Do you want to go there?

Ayatgali Tuleubek, Here be dragons, 2018. Videostill.

I desire it very much, but at the same time I don’t. My initial idea was to go there to record a video, or place a sculpture. But what does it mean to go there, would I destroy the place with my presence, what would be the ethical consequences of such a journey? On the other hand, does the place care about my presence at all? I asked myself all these questions, and it became almost painful to try to make sense of it. I realized that writing a text would be a way to solve it.

What is the text about?

The text is playing as a voiceover in the video, and I say a lot of things. I talk about the screen, because the travelling is virtual, and it is impossible to talk about a virtual journey without talking about the screen.
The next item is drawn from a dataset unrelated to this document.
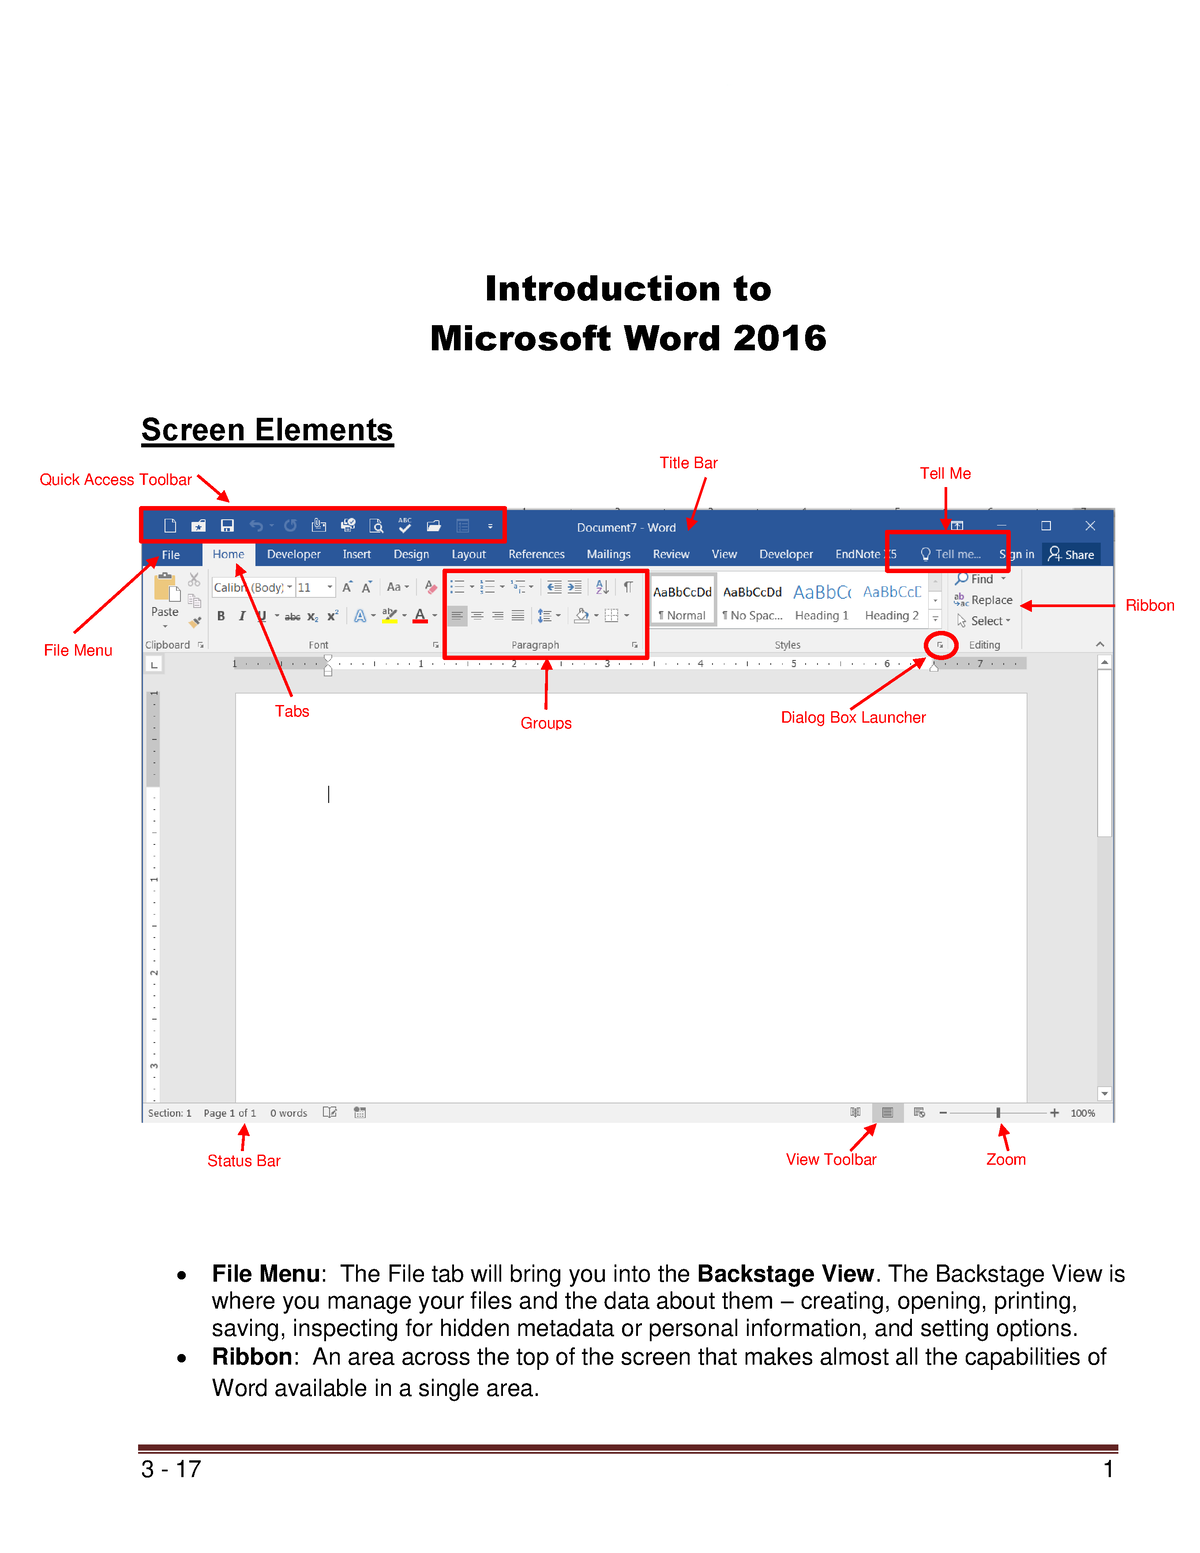 Introduction To Word 2016 3 17 1 Introduction To Microsoft Word 2016 Screen Elements File 0685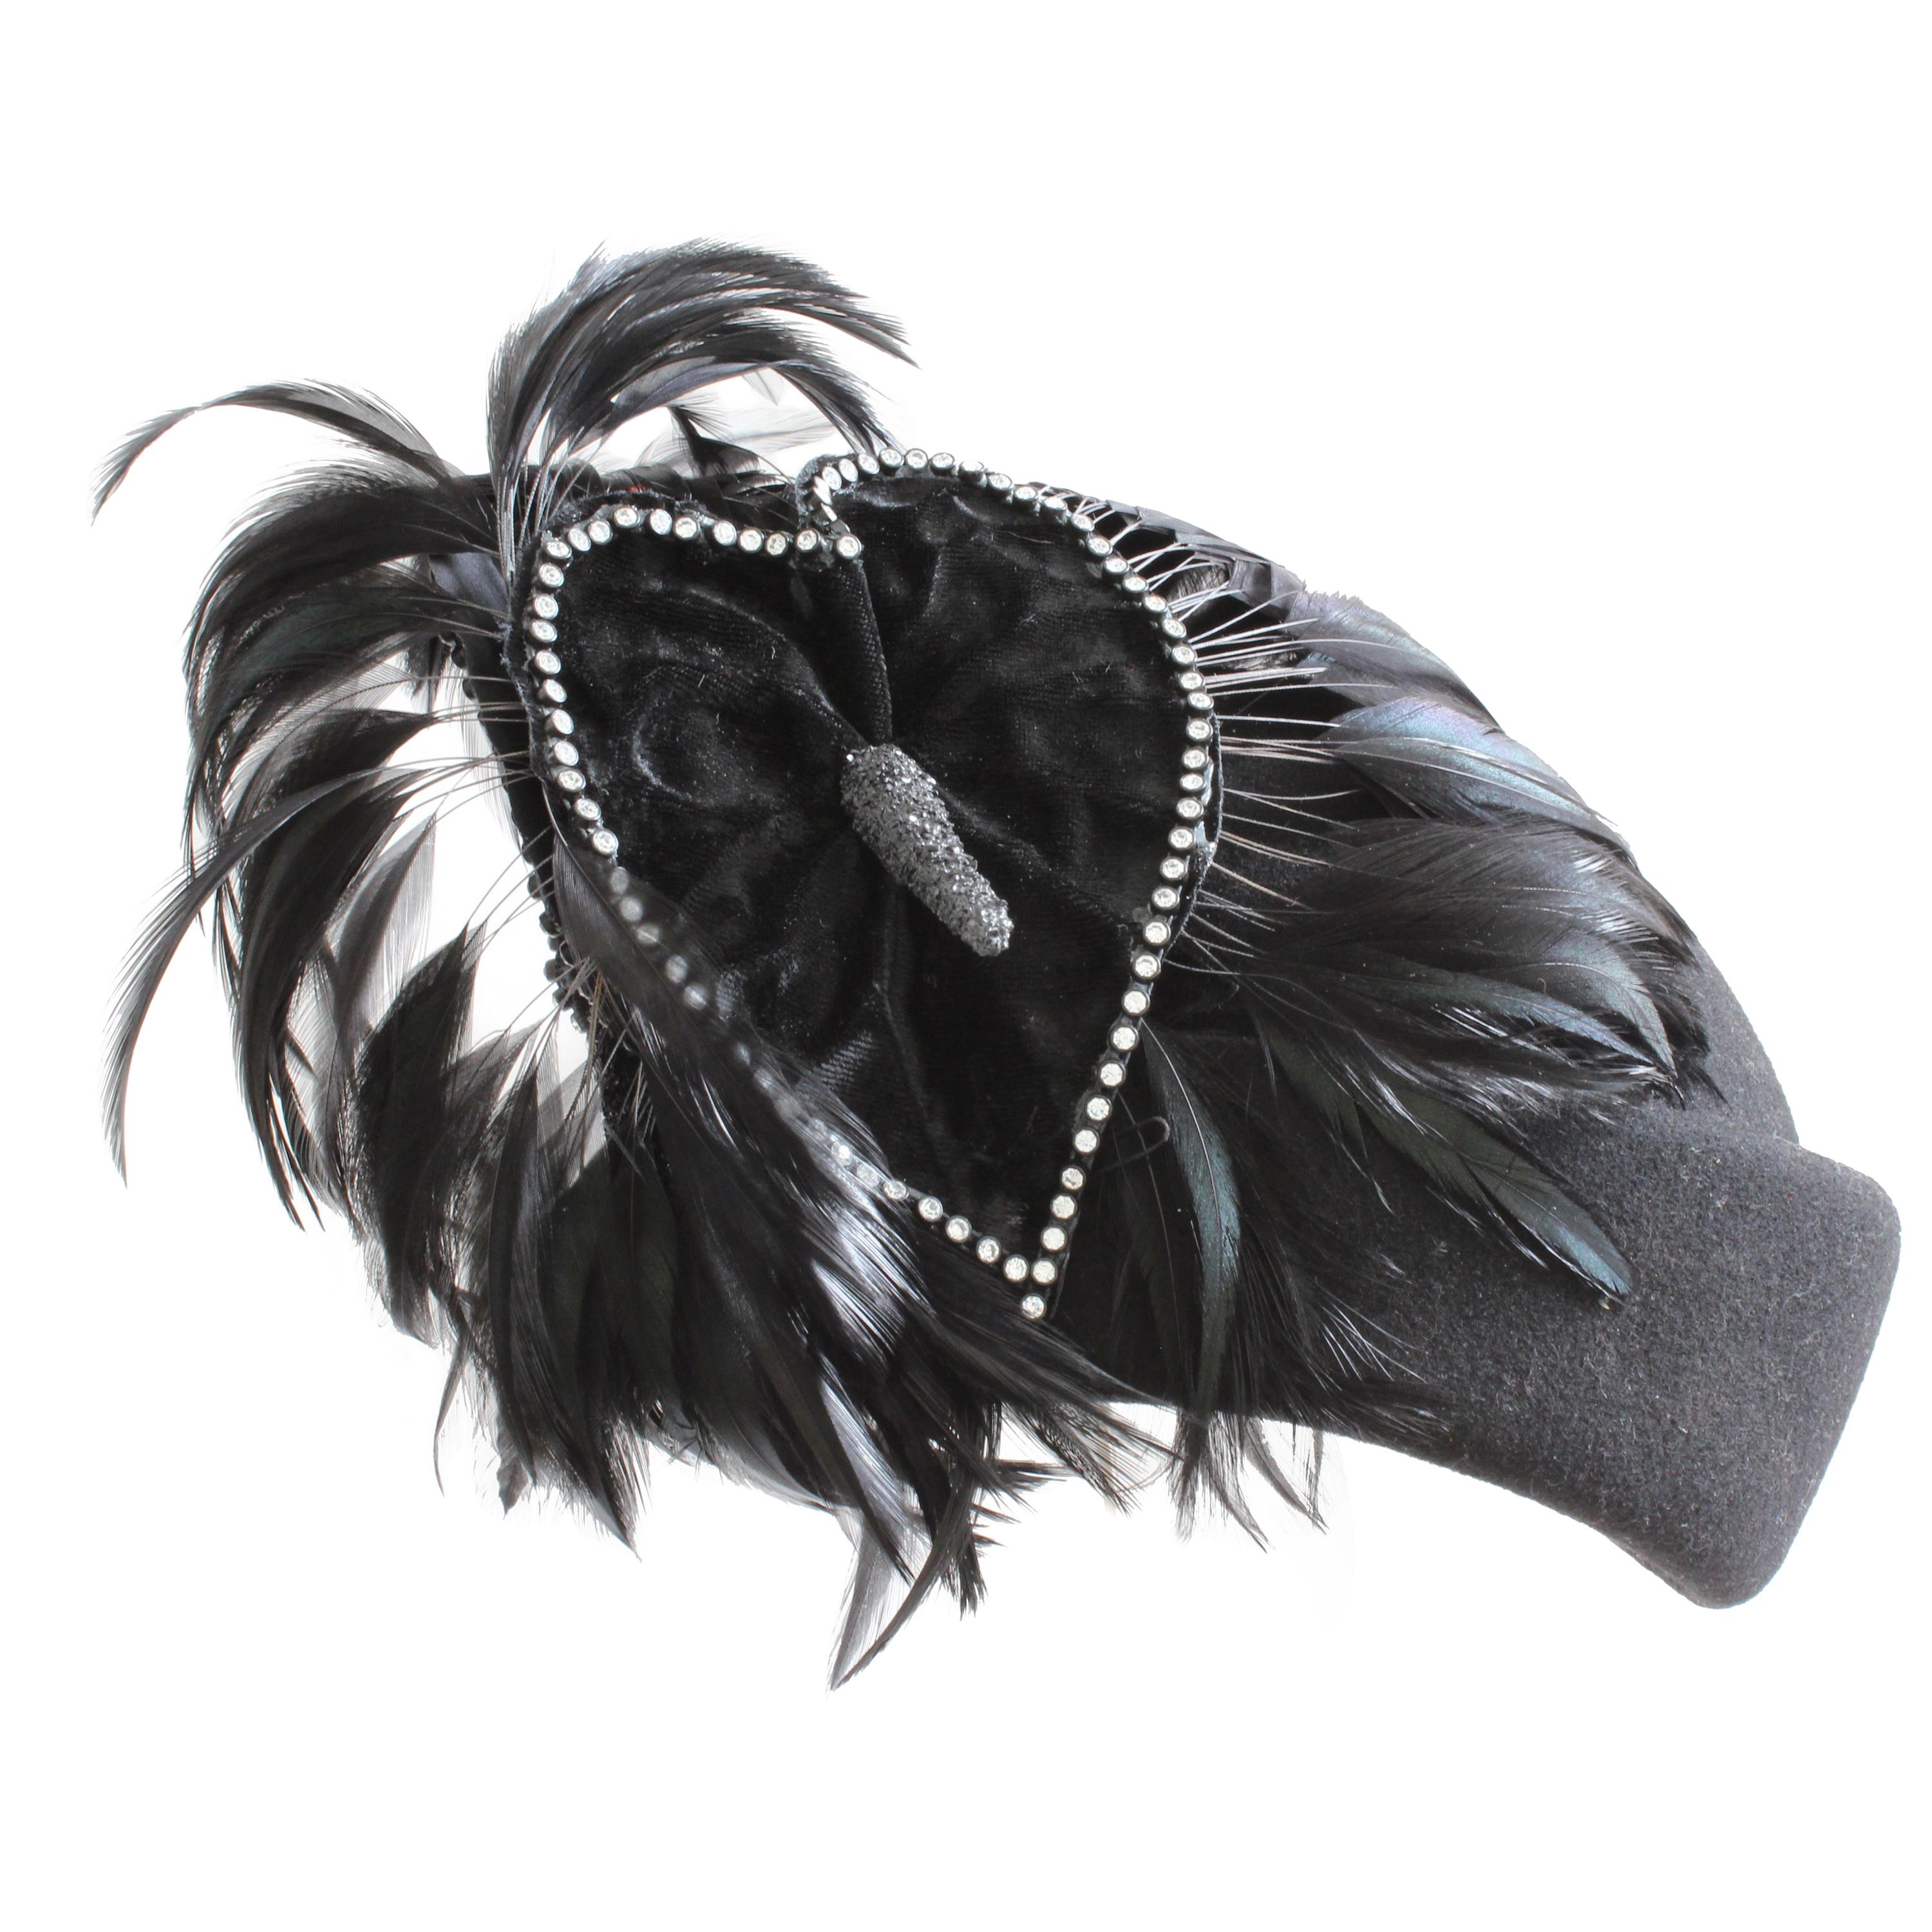 Jack McConnell Boutique Black Wool Clochette Hat with Feathers 1960s Bollman Hat For Sale

In the first video I also show repeating hand gestures, like the small things you do when you are thinking. I filmed and somehow these gestures hypnotized me. Nothing is happening, yet I’m still watching. It is paradoxical, and it belongs to the reality of the screen, where you can watch for example YouTube or Netflix endlessly. That’s the first chapter. In the second, the scenery changes to the actual place.

Ayatgali Tuleubek, Here be dragons, 2018. Videostill.

There’s this internet meme saying something along the lines of «we are born too late for discoveries and too early for conquering other planets». I think that comes from a modernist ideology where one has to conquer and be strong. If you look at Amundsen or Nansen, their expeditions happened during the modernist era, and the modernist era ended when Gagarin went into space. It’s a funny coincidence. I think I carry in myself this modernist ideology too. But perhaps the reason I wanted to go was not to put up a flag, but rather to make some kind of artistic reflection. And now I don’t need to go.

Speaking of colonizers, did you see Elon Musk’s latest space travel?

Yes, and his idea, to launch a Tesla car into space, is super post-modern. One could not imagine the Soviet Union launching a car into space, blasting an American pop song by David Bowie. I think, however, that Elon Musk will not reach his ultimate goal, to colonize Mars. The earlier space expeditions required a crazy amount of self-sacrifice and also the support of the general public. Nowadays people care more about soccer than whether Mars will be colonized or not. We live in different times.

I think the ideas of going to a super-remote place and going to Mars share a similar fascination. Do you go just for the sake of going? What do you hope to find?

I wasn’t hoping for anything, I expected there to be nothing.

Ayatgali Tuleubek, Here be dragons, 2018. Videostill.

In the video, you pay close attention to hands. And in your previous show in Stavanger, you asked what would become of the hand as we give in to artificial intelligence. Will robots make the hand obsolete?

I think the hands are the most human things. Engels said labor is that which made a man out of the monkey, and labor was at that time hand labor. People are already losing their jobs. What does it mean for the society and for people when we don’t need to work? It’s not a matter of not being able to find work. It is a matter of a work market that doesn’t need workers. How will this change our lives?

Are you optimistic?

I’m very pessimistic. We organized a seminar at Podium on speculative practices with a scholar in future studies, and one of the exercises was to speculate about the future, imagining different scenarios. There were mostly artists present, and everyone had a very pessimistic view of the future, me included. Yet, we know that humanity has overcome and still is overcoming countless horrible things, so in the end we will overcome this as well, and the future will be ours.

Ayatgali Tuleubek, Here be dragons, 2018. Videostill.